Che sì, che amore il tristarel v’impania?
Rosalba. Noi siam due quaglie nello stesso spiedo.
Filippino. Ambi ci ha colti l’amorosa smania.
Amor pietoso ci promette il frutto;
Ma temo vi si sparga la zizzania.
Giuseppina. E voi studiate prevenire il lutto:
Molte cose non fatte han suoi perigli;
Ma quando è fatto, si rimedia a tutto.
Finalmente non siam nepoti o figli
Di costui, che ci tiene al giogo stretti,
E possiam scapolar dai fieri artigli.
Rosalba. Sentite? (a Filippino)
Filippino. Superar voglio i rispetti.
Andiamo uniti a meditare il modo.
Liberi siamo, e non a lui soggetti. (via)

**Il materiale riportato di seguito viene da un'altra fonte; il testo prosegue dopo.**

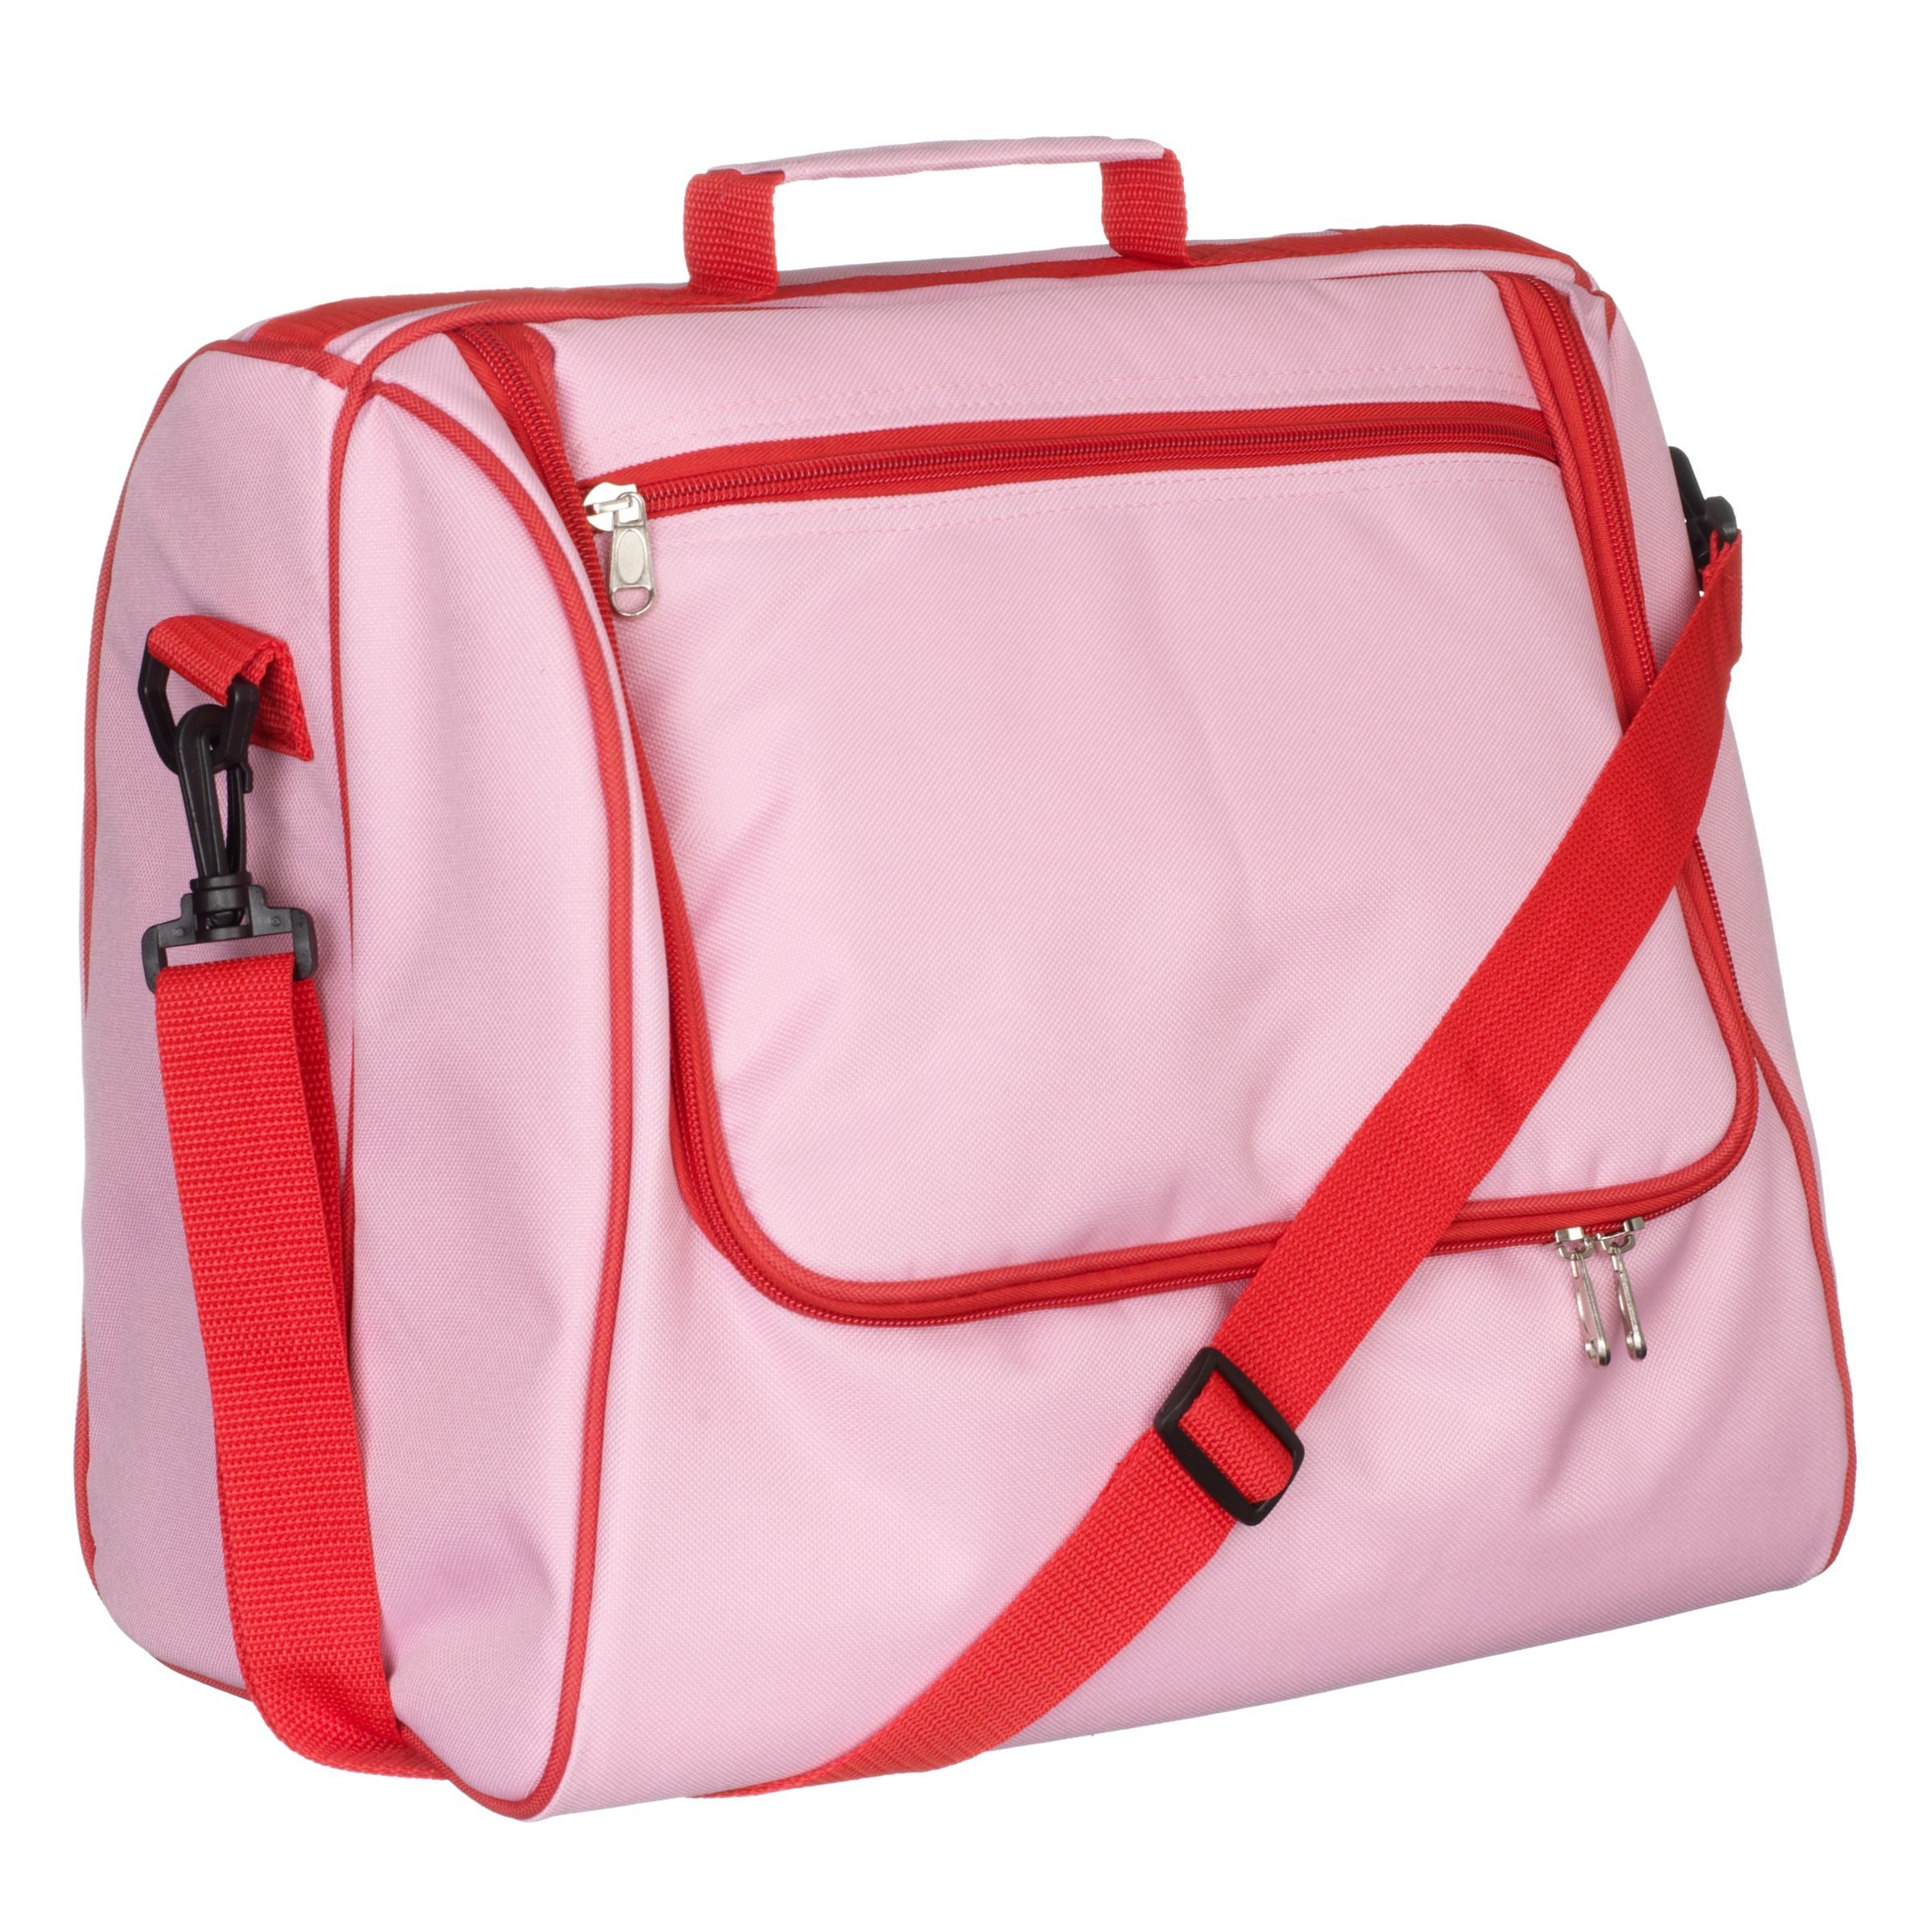 John Lewis 4 Person Picnic Cooler Bag Set, Red/ Pink

Rosalba. Così mi piace. Giuseppina, io godo.
Non vedo l’ora di saper chi sia
Questo dolce d’amor perpetuo nodo. (via)
Giuseppina. È diversa da lor la sorte mia;
Essi son nati per natura eguali:
Io mi lusingo entrare in signoria.
Il Conte è un cavalier de’ principali,
E i segni che mi dà d’affetto vero,
Sono segni patenti e modernali.
Alla prima, per dirla, avea in pensiero
Di tirare un po’ d’acqua al mio molino
Come fan tante di questo mestiero,
E poi scrivere il nome al tavolino
Nella lista di tanti protettori
Scordati affatto dal mio cervellino.